Towards gh-19068 and gh-18867.
Please see gh-19068 for context.

What does this implement/fix?

Support is added for the functions in the array API standard linalg extension. This allows users to input arrays from any compatible array library.

Tests are modified to allow testing with numpy.array_api, cupy and torch. Some new tests are added for exceptions for unsupported parameters.

Additional information

I was not able to convert every relevant test since lots of NumPy-specifc things are used. We may want to find ways to convert some of these, or write new tests to serve the same purpose.

TestSVD is a little strange due to the way the lapack_driver parameter is tested. I have tried to apply a minimal refactor here, but a more substantial refactor may result in something more readable. It is a bit of a misnomer that all of our array API compatible tests are under TestSVD_GESDD, just because gesdd is the default value.

Lots of tests are failing for PyTorch CUDA, but hopefully we just need to wait for pytorch/pytorch#106773 to come through.

scipy/_lib/_array_api.py

scipy/linalg/tests/test_basic.py

scipy/linalg/tests/test_decomp.py

scipy/linalg/tests/test_decomp_cholesky.py

scipy/linalg/_basic.py

[skip cirrus] [skip circle]

ilayn

I think the regular function modifications are OK to me. But I'm not sure if we really need all the test changes. It doesn't reflect the goals of the tests at certain places and I'm not sure I understand why we test nonnumpy xp namespace in the tests. It should be pretty safe to test SciPy with default numpy arrays without any xp_assert_close's or modified tol parameters.

scipy/linalg/tests/test_basic.py

scipy/linalg/tests/test_decomp.py

… tols [skip cirrus] [skip circle]

[skip cirrus] [skip circle]

rgommers

This looks pretty good to me overall. I'd like to see the diff shrink as much as possible though, both in the implementations and tests.

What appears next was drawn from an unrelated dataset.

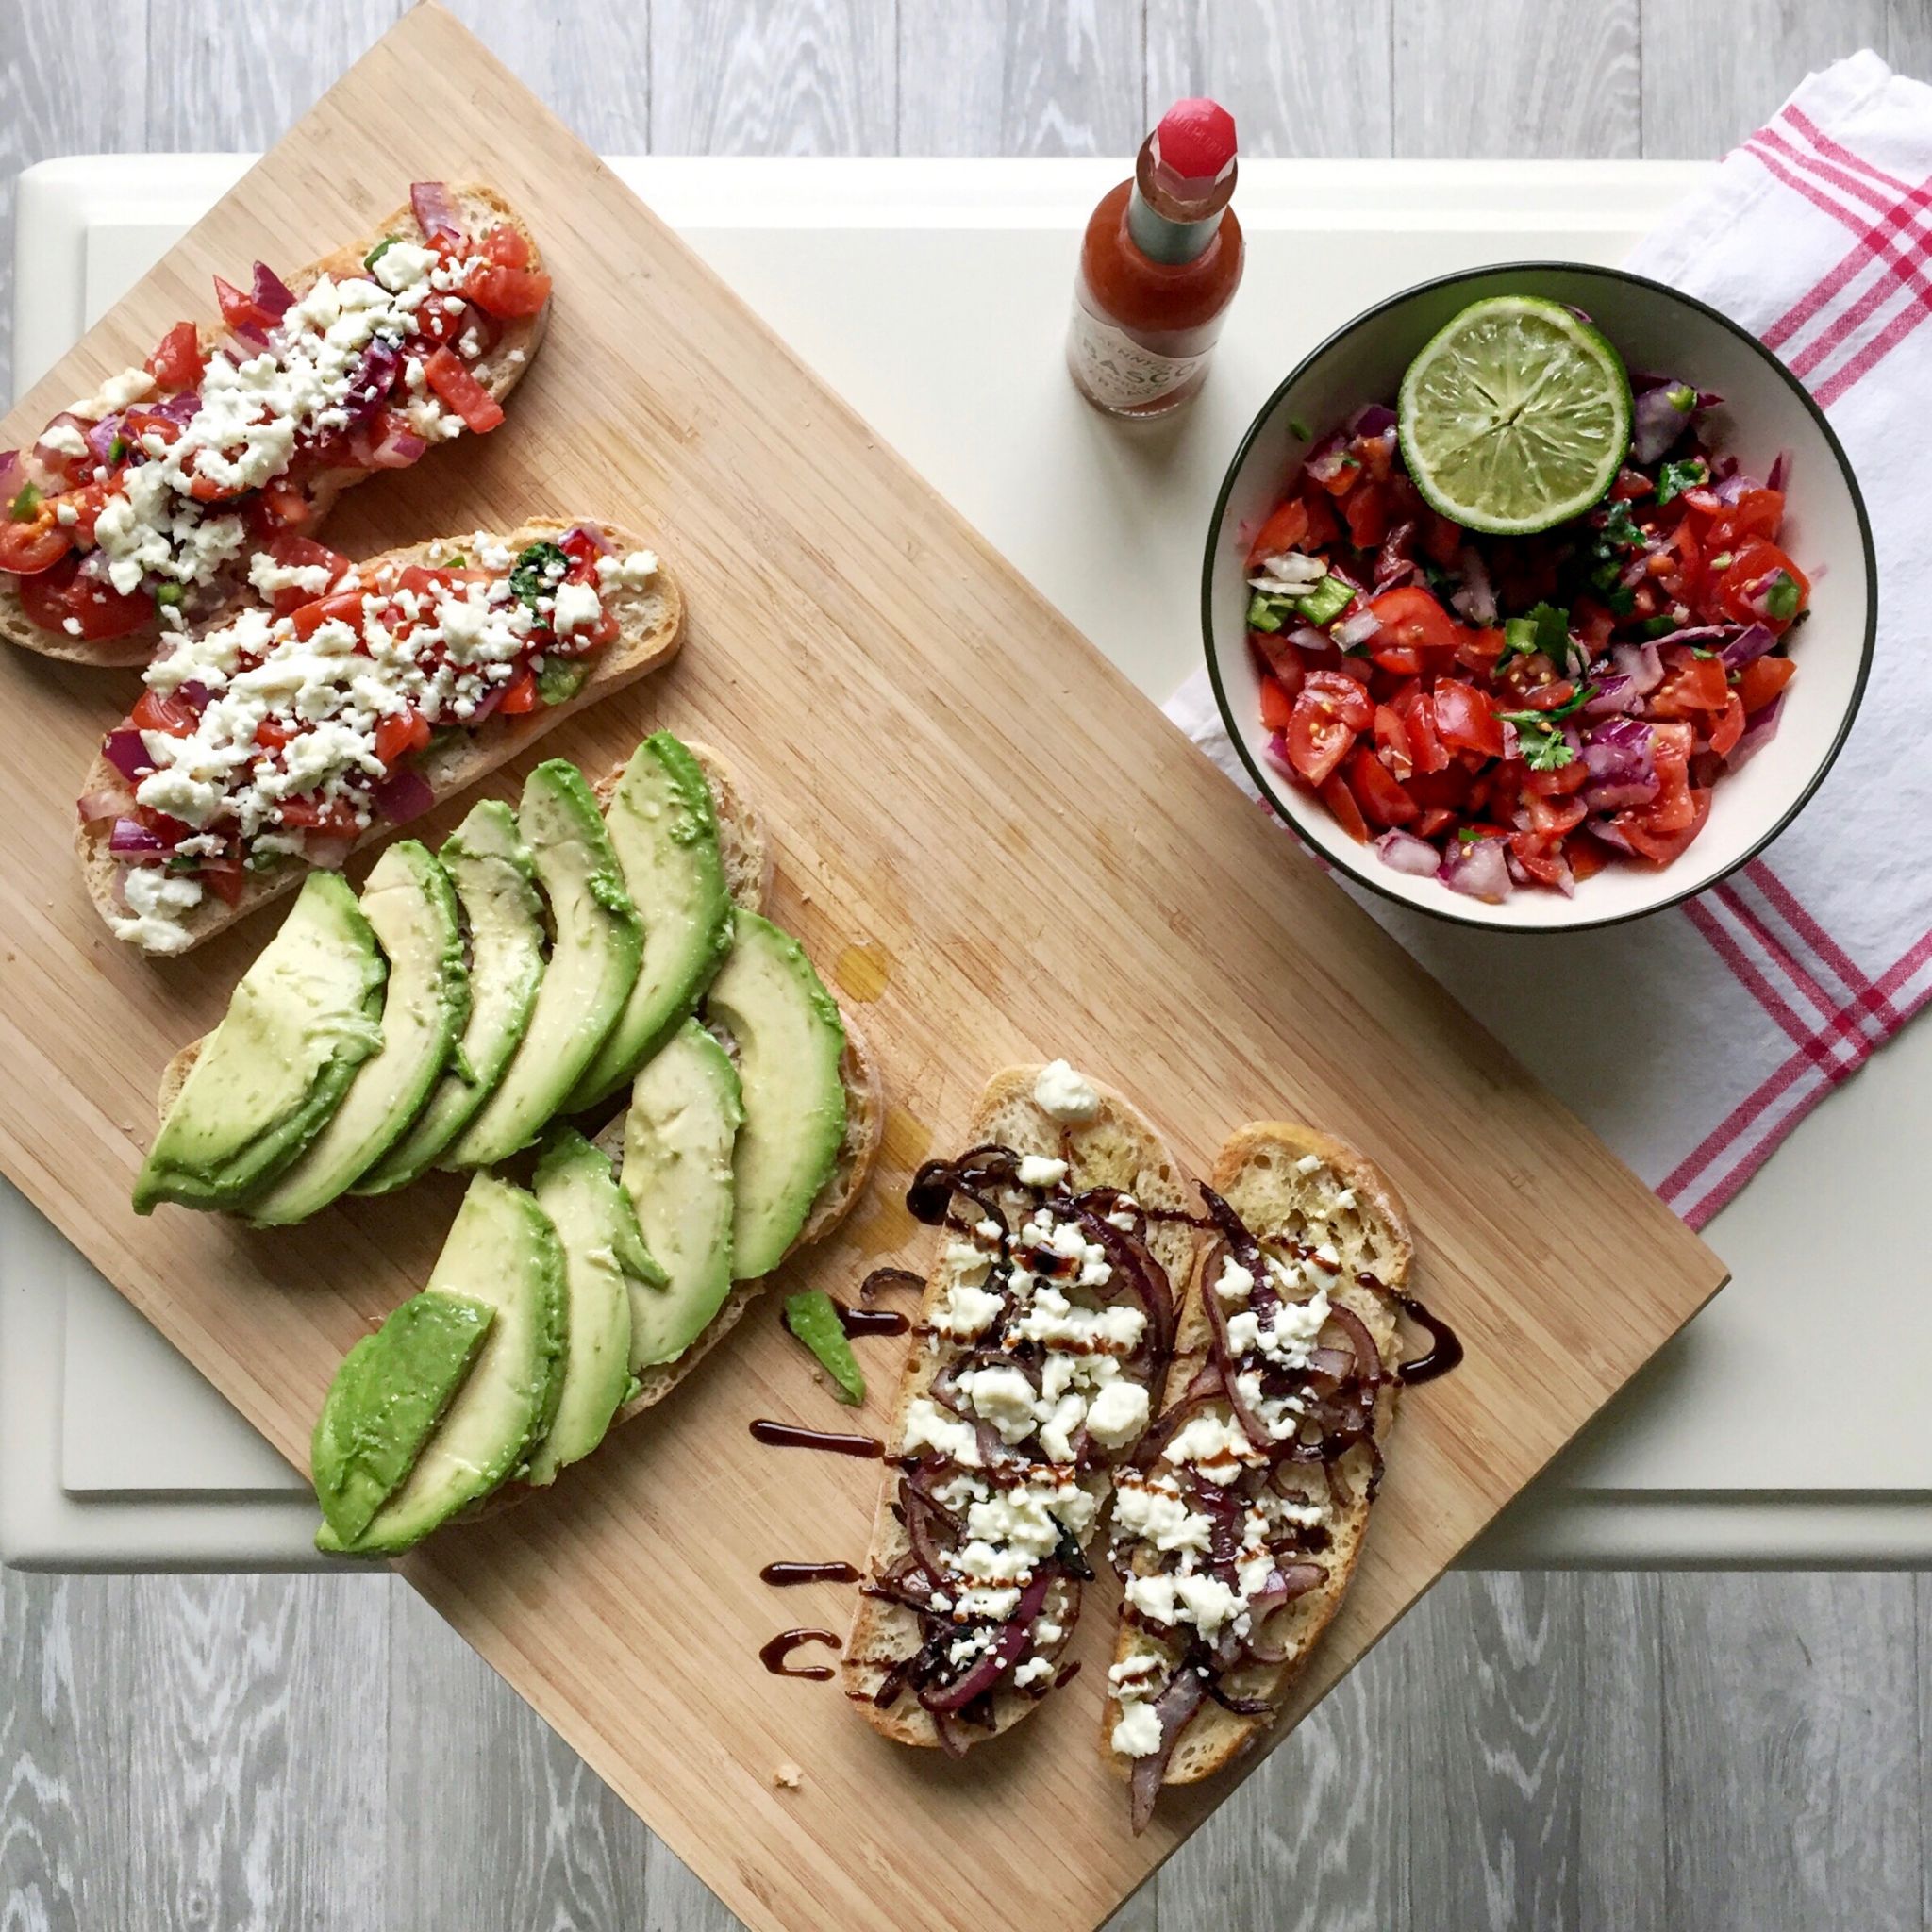 Did Someone Say Brunch? Triple Threat Brunch Toasts

That's in general a sign that the code is in good shape, and it makes things easier to review and understand later on.

I think the regular function modifications are OK to me. But I'm not sure if we really need all the test changes. It doesn't reflect the goals of the tests at certain places and I'm not sure I understand why we test nonnumpy xp namespace in the tests. It should be pretty safe to test SciPy with default numpy arrays without any xp_assert_close's or modified tol parameters.

I think it is quite useful to test non-numpy arrays; without testing it's almost certainly going to be broken. I think of these as testing optional dependencies - just like we have tests with mpmath, scikit-umfpack and a whole bunch of other optional runtime dependencies.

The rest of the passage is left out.